And with this special insight that they magically have, they can tell us what Ukraine could have done that would have avoided the war, or what the west could do now that would end the conflict. If only the west would dot dot dot; if only Ukraine had dot dot dot … a striking number of these comments came from Twitter accounts that had a fake, or no profile picture, no discernible name in the bio or Twitter handle, and a vast amount of Twitter activity for a very new account. These are fairly obviously coming from bot farms, located who-knows-where, and have very recently switched their obsession from sending dozens of tweets per day pushing a hard-line antivax, anti-mask positions to being instant experts on foreign policy, and the motivations of Vladimir Putin in particular.
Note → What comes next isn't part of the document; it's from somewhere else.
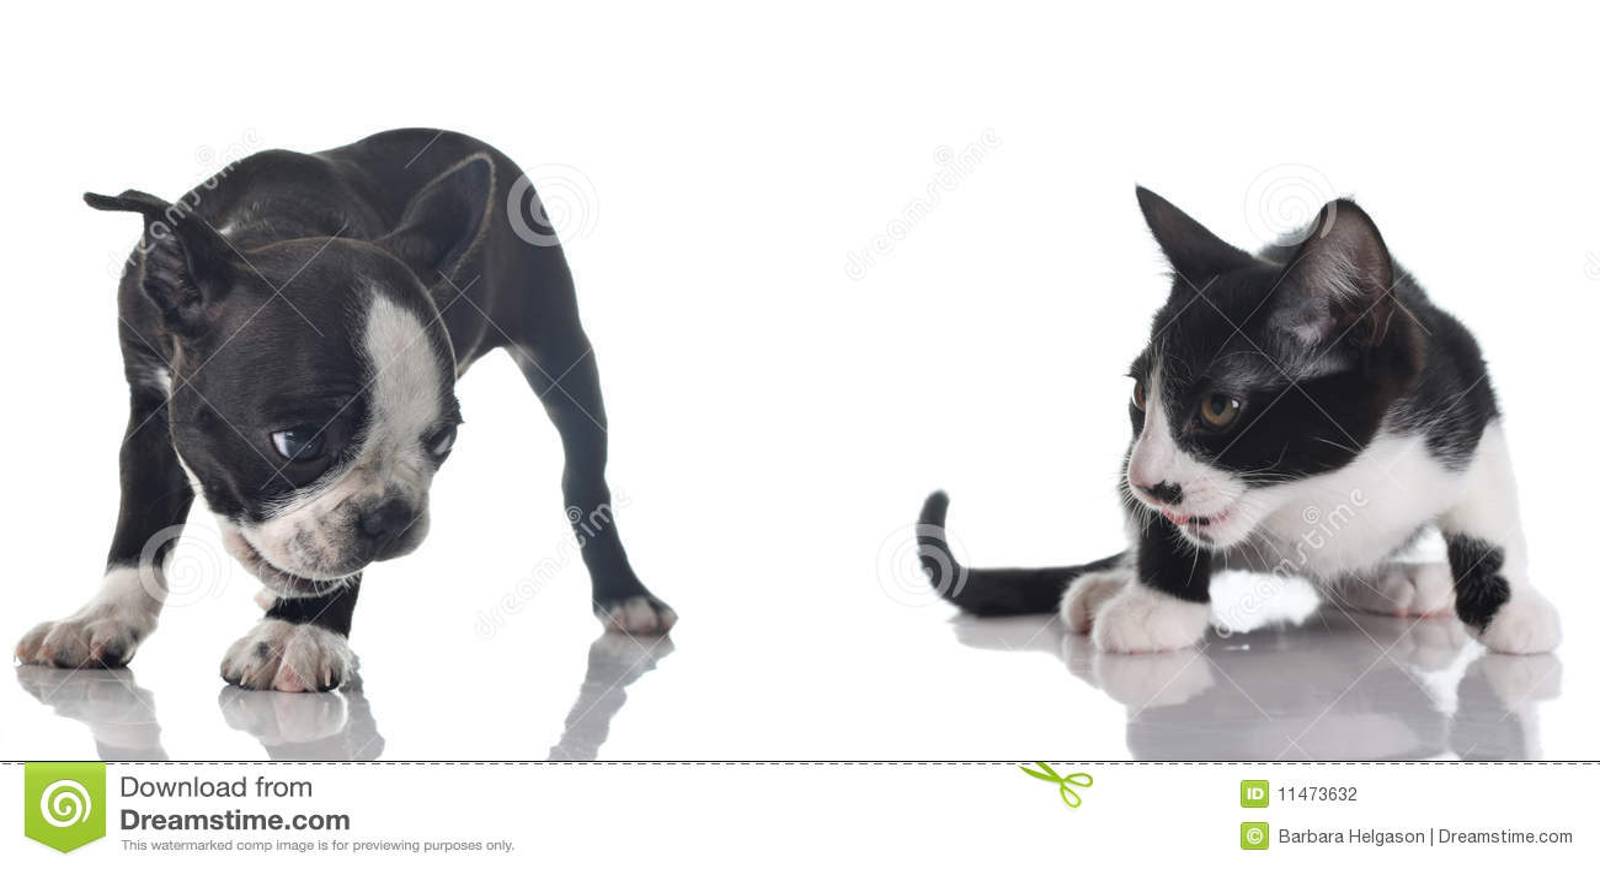 animal shelter el paso

But this line also comes from what seem to be genuine accounts and genuine people. These are people who, for whatever reason, believe that however bad Putin is, the best way to prevent him from doing harm is to give him what he wants. There is a whole argument about whether that is true – are we in a Chamberlin letting Hitler dismember Czechoslovakia in a vain hope of avoiding war situation, or are we in a Cuba missile crisis situation, where statecraft can avoid a war that is possible but not certain. I’m not going to get into it here.
I’m more interested in what Putin actually wants. Daly and Wallace, just days before the invasion in February said that the massive build-up of Russian troops and military hardware on the border with Ukraine was ‘clearly defensive’. I’m not sure what qualifications they had to make that call, or what evidence they were using beyond wishful thinking, but that claim sure didn’t age well.
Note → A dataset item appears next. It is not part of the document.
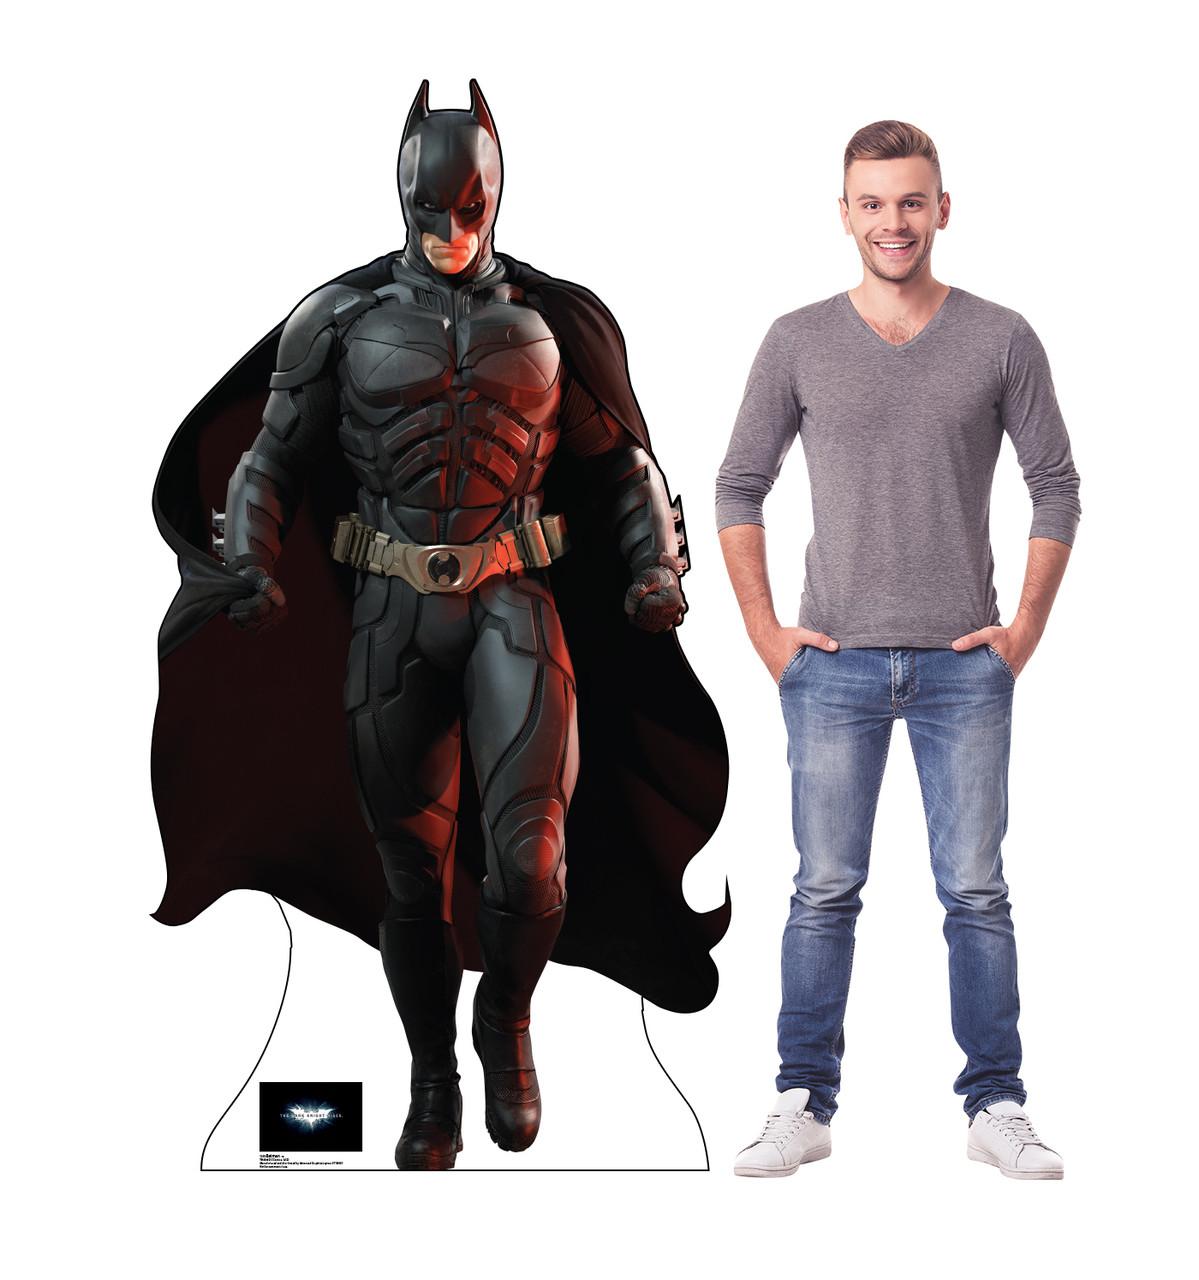 Batman - Dark Knight Rises Cardboard Cutout Lifesize

Along with this, Wallace and Daly have made a whole series of claims about how innocent and peaceful Putin’s desires are, all he wants is security guarantees, he feels threatened about the expansion of NATO, and so on. It is striking how close these claims are to Russian propaganda aimed at the west.
But are they right?
One thing that I’ve been doing is following the media inside Russia. What is Putin telling Russians? And what is the Russian ruling elite around Putin telling itself?
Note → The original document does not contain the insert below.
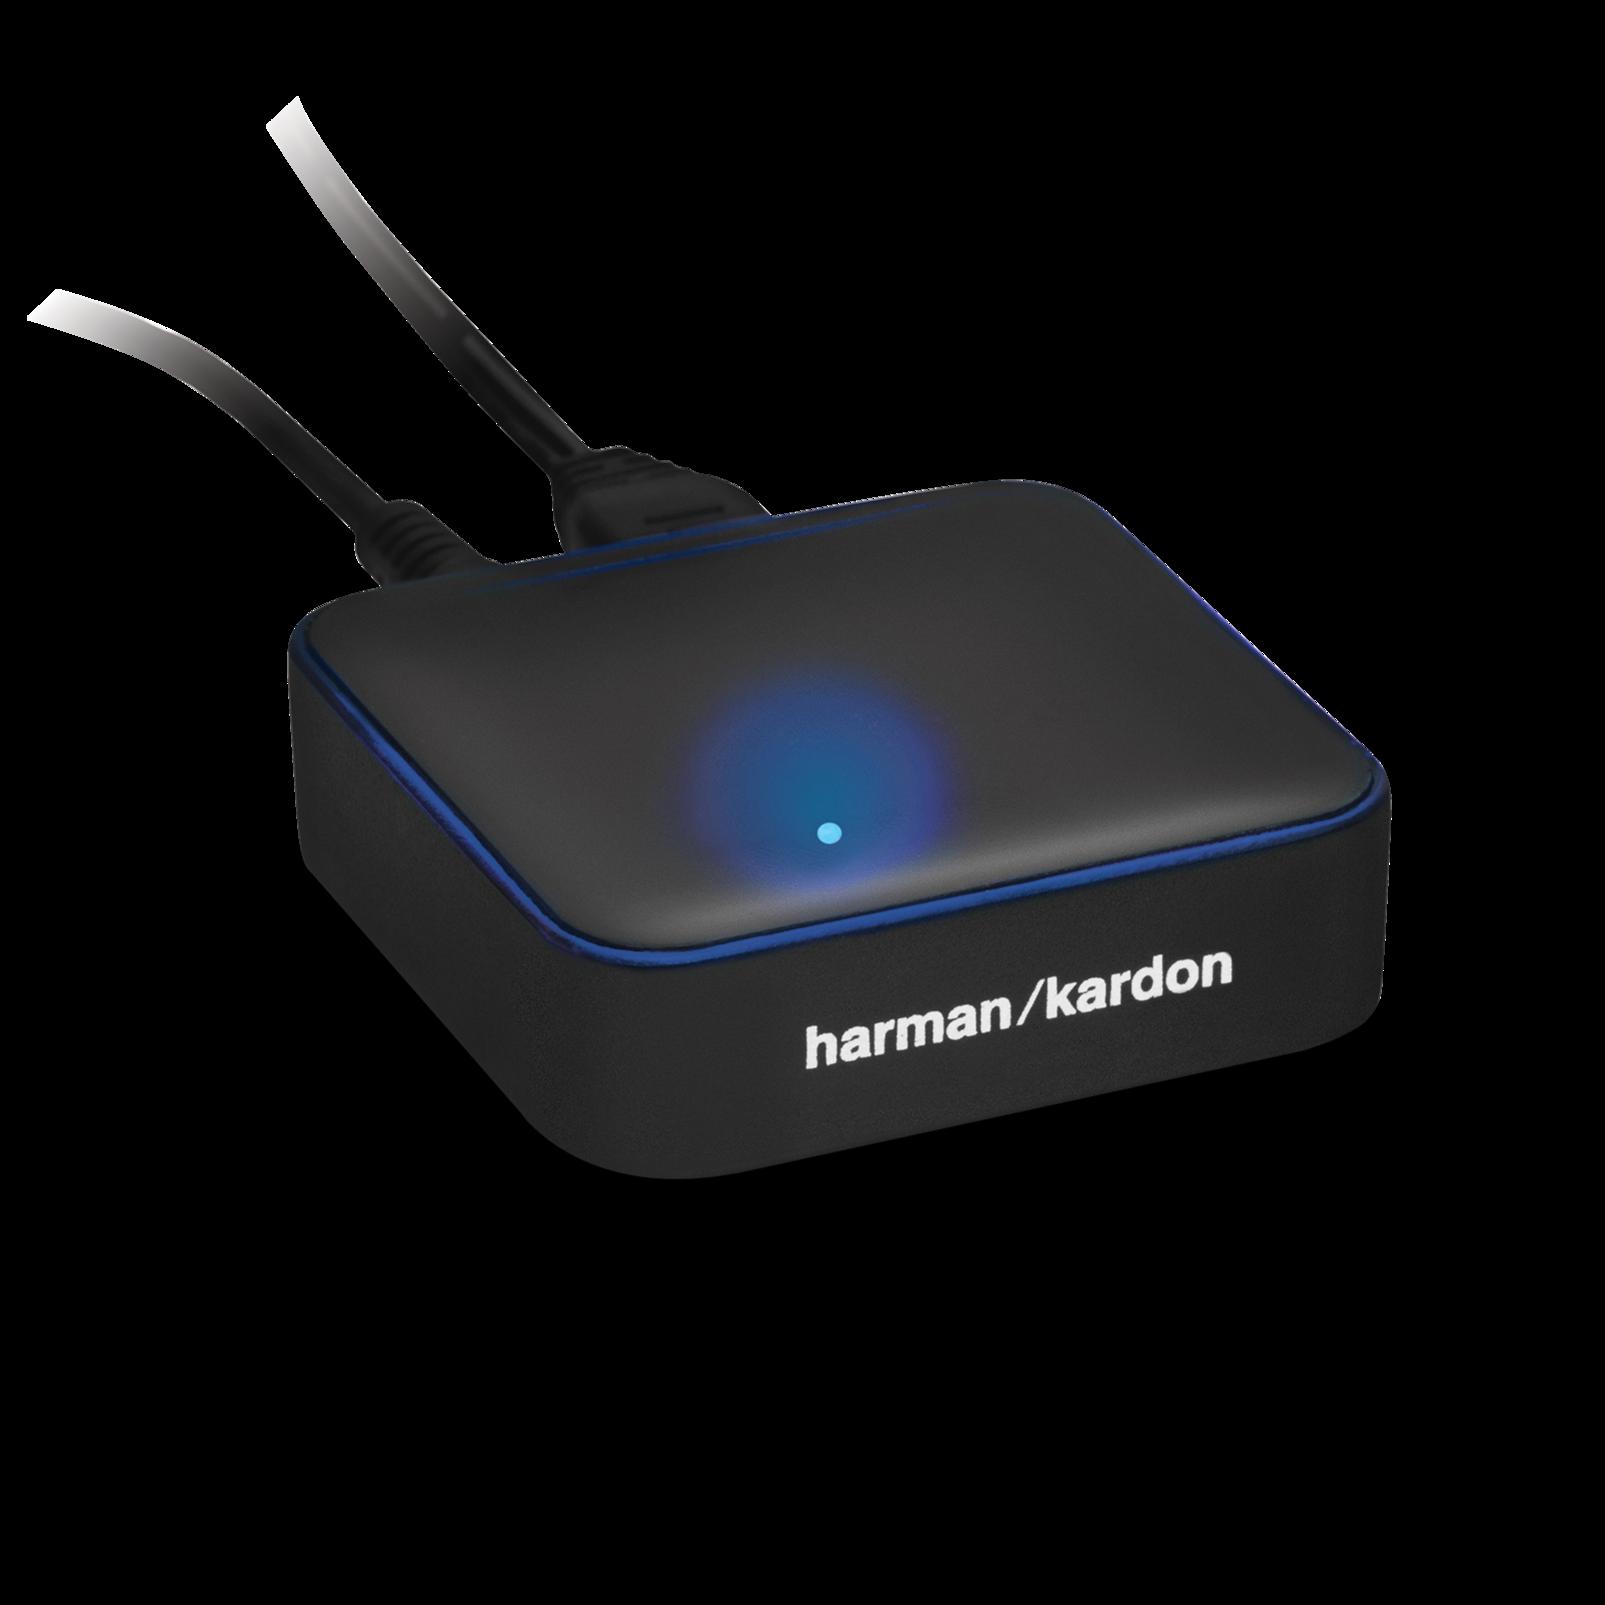 BTA 10 - Black - Top Rated Compact External Bluetooth Adapter - Hero

The first thing to understand is that almost all media consumed within Russia is utterly controlled by the Kremlin. Putin’s Russia was never a great place for freedom of the press, but since he returned to the presidency in 2012, there was a huge change in the level of press freedom. All media that were not already state-owned were acquired by Putin-friendly oligarchs, through a pretty standard procedure. The independent newspaper, TV station or whatever would get an unsolicited buyout offer from a Putin crony, for a ridiculous sum, maybe a tenth of its value. Some owners knew the score and sold up.
Those who didn’t immediately got a huge tax bill, the owners would be arrested for tax fraud, and would either agree to sell to the crony for an even smaller fraction of the value, or go to jail on trumped-up charges and have their companies expropriated and handed over to the crony for free.
The new owners were unfailingly loyal to the Kremlin. Some minor websites held out, and danced around the law, operating increasingly from offices outside Russia, even one TV station, Dozhd, meaning Rain, which was ordered off the air by Putin shortly after he invaded Ukraine. But even before then, their reach was insignificant. It’s not comparing Nuacht TG4 to RTÉ 1 news. It’s comparing some eejit who makes a niche podcast to BBC1 news.
In fact, Dozhd wasn’t ever even on the air, it was a webcast run from a private apartment, so you would have to go to their website with your phone or computer to see it, which is not how most people watch TV. Similarly, there are still some VPNs that allow people to get through to now-banned western social media like Facebook and Twitter.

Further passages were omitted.